Logstash and Treasure Data
Logstash is an open source software for log management, which is widely known and used as a part of the ELK stack. There's a great repository collection with many plugins for Logstash to collect, filter and store data from many source, and to many destinations, but it doesn't have a plugin to store data into Treasure Data Service.
So, I created it.
Repository on Github
Released gem
How to install / use the plugin
You can install that plugin very easily if you're already using Logstash.
$ cd /path/of/logstash $ bin/plugin install logstash-output-treasure_data Validating logstash-output-treasure_data Installing logstash-output-treasure_data Installation successful $
Next, configure Logstash with Treasure Data services. It requires name of database and table to be inserted, and API Key which can be checked on Treasure Data Console.
input { # ... } output { treasure_data { apikey => "0/xxxxxxxxxxxxxxxxxxxxxxxxxxxxxxx" database => "dbname" table => "tablename" } }
Then, launch Logstash with that configuration file.
$ bin/logstash -f your.conf
You'll get rows on Treasure Data console. Log message texts are stored in message column, and some additional columns will exist (ex: time, host and version).
Specifications / Configurations
Currently, this plugin store all logs into just a table. Use 2 or more sections for treasure_data in configuration file if you want to insert data into 2 or more tables.
And this plugin buffers data in memory buffer in 5 minutes (in longest case). Buffered data will be lost if Logstash process crashes. (For further option, see "Combination with Fluentd" section.)

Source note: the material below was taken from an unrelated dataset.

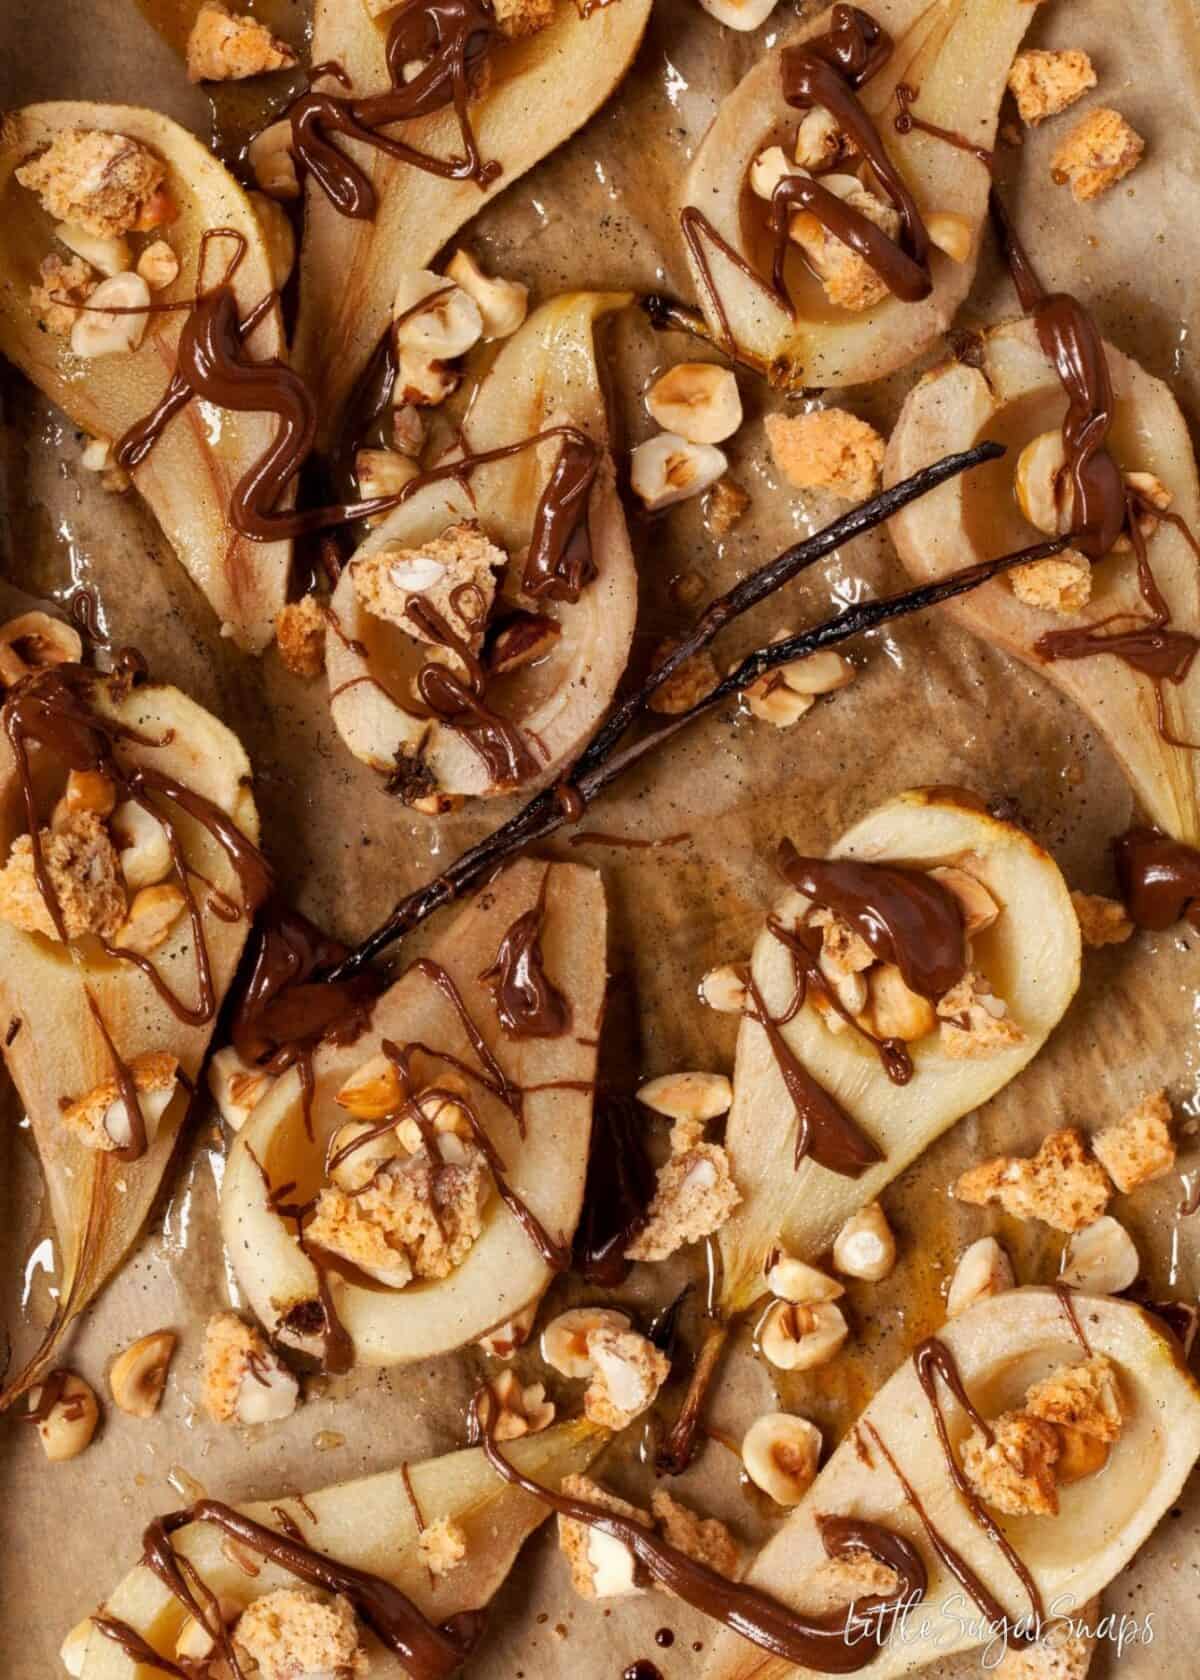 Honey Baked Pears with Chocolate on a baking sheet with hazelnuts and a vanilla pod

This plugin have configuration options listed below. The plugin will work with default values for almost all cases, but some of these might help you under unstable network environments.
apikey (required)
database (required)
table (required)
auto_create_table [true]: plugin will create table if not exists on Treasure Data
endpoint [api.treasuredata.com]
use_ssl [true]
http_proxy [none]
connect_timeout [60s]
read_timeout [600s]
send_timeout [600s]
Combination with Fluentd
For now, logstash-output-treasure_data has very limited feature, especially for buffering, stored table specifications and performance.
There's an another option to use Fluentd for more flexible and high performance transferring. We can use logstash-output-fluentd to do it.
Github repository
Released gem
[host a]-> (logstash-output-fluentd) -> [host b]-> (logstash-output-fluentd) -> [fluentd] -> (fluent-plugin-td) -> [Treasure Data] [host c]-> (logstash-output-fluentd) ->
Many Logstash can be configured to send these logs to a Fluentd node, and that Fluentd stores whole data into Treasure Data.

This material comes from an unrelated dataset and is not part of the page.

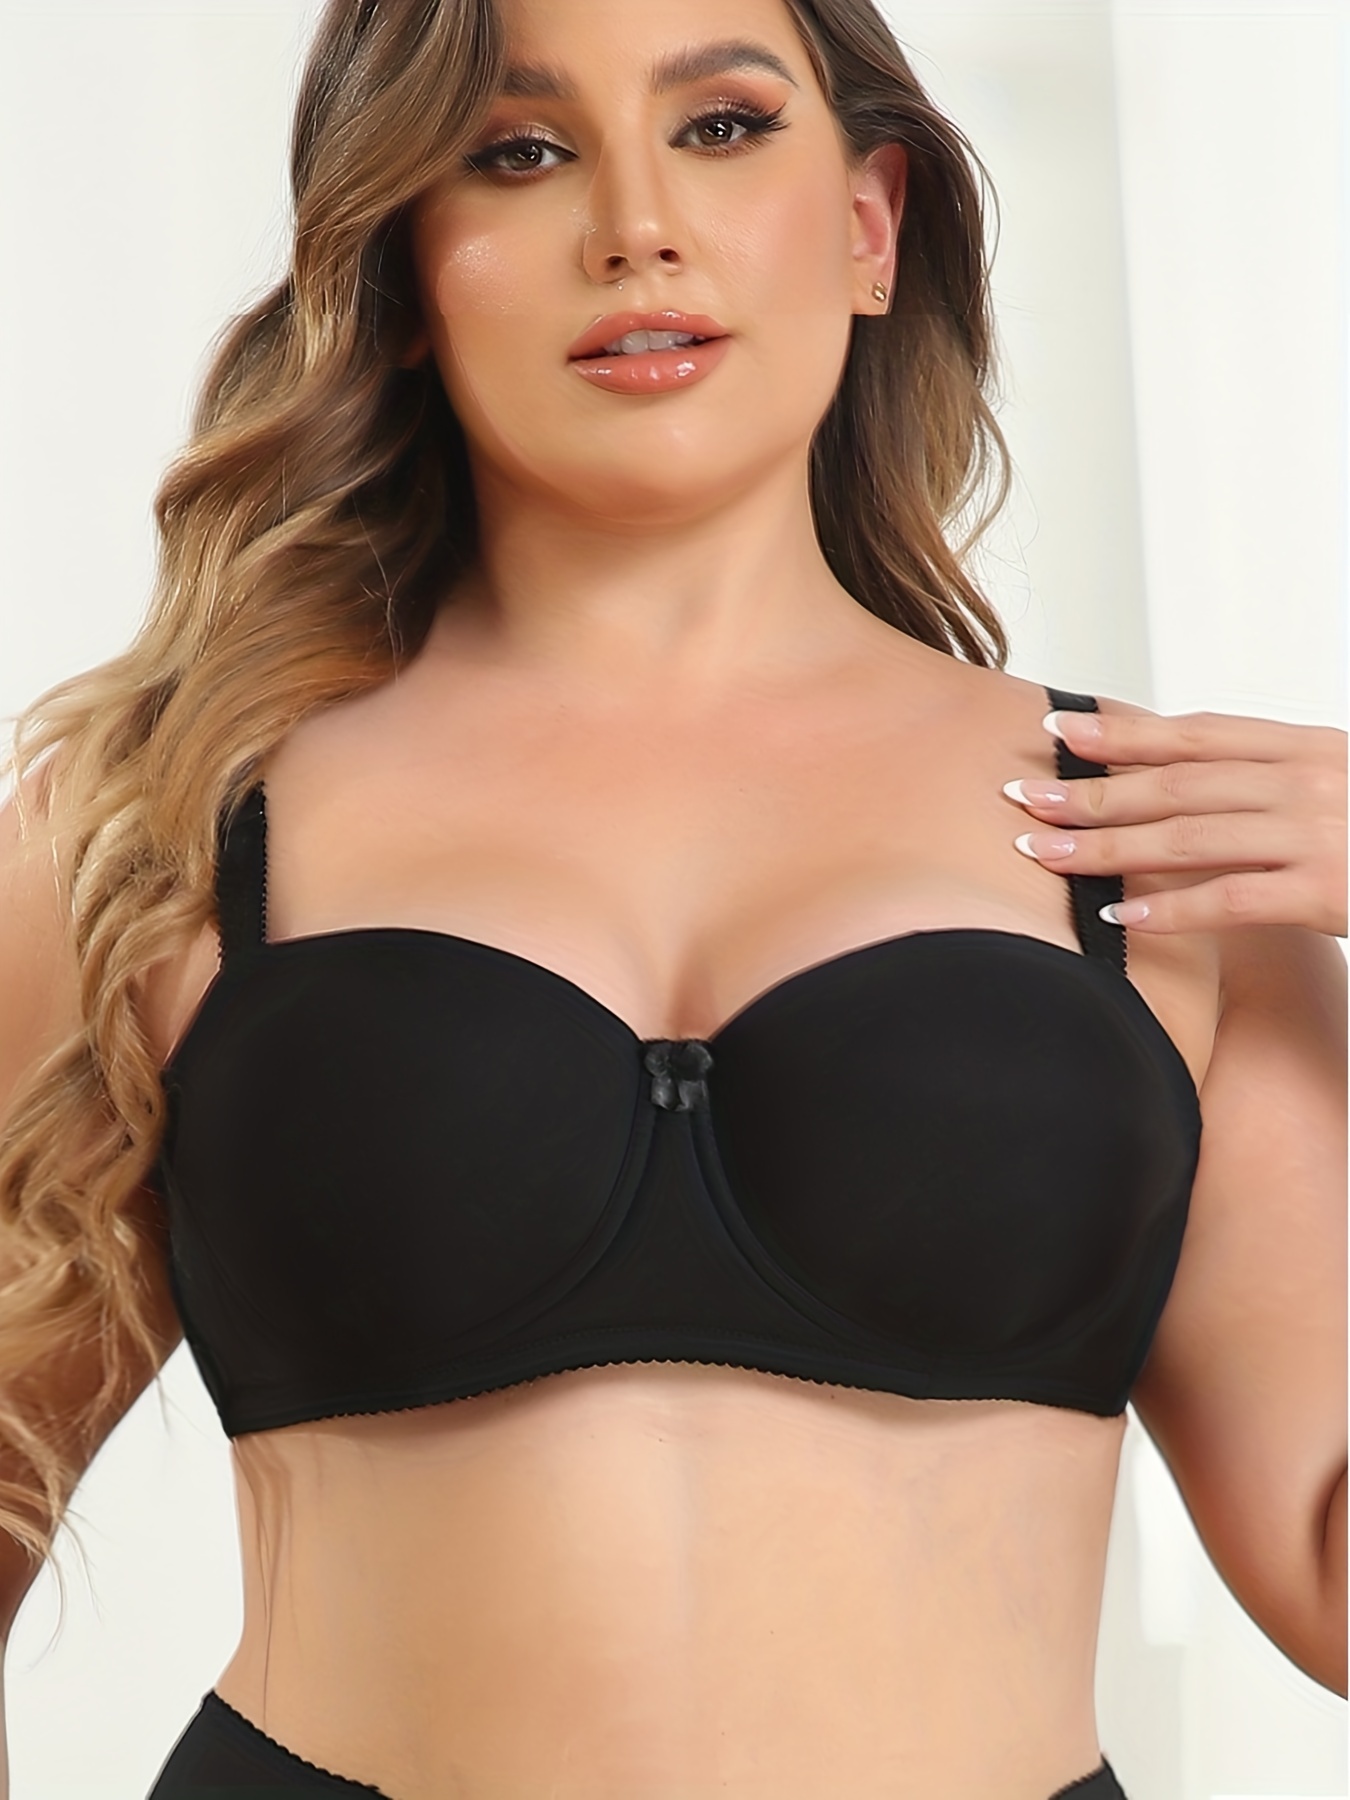 Seamless And Breathable Plus Size Brassiere Crop Top With Padded Wire For  Women Comfortable And Cheap Sexy Bras Model 231030 From Bai04, $10.14

# Configuration for Logastash input { # ... } output { fluentd { host => "your.host.name.example.com" port => 24224 # default tag => "td.database.tablename" } } # Configuration for Fluentd <source> @type forward port 24224 </source> <match td.*.*> @type tdlog apikey "0/xxxxxxxxxxxxxxxxxxxxxxxxxxxxxxx" buffer_path /mnt/fluentd/buffer/td </match>
Fluentd tdlog plugin can store data into many database-table combinations by parsing td.dbname.tablename. So you can configure any database/table pairs in Logstash configuration files if you want.
Conclusion
Now you can store your data very easily by using logstash-output-treasure_data or logstash-output-fluentd if you are already an user of Logstash. Happy logging!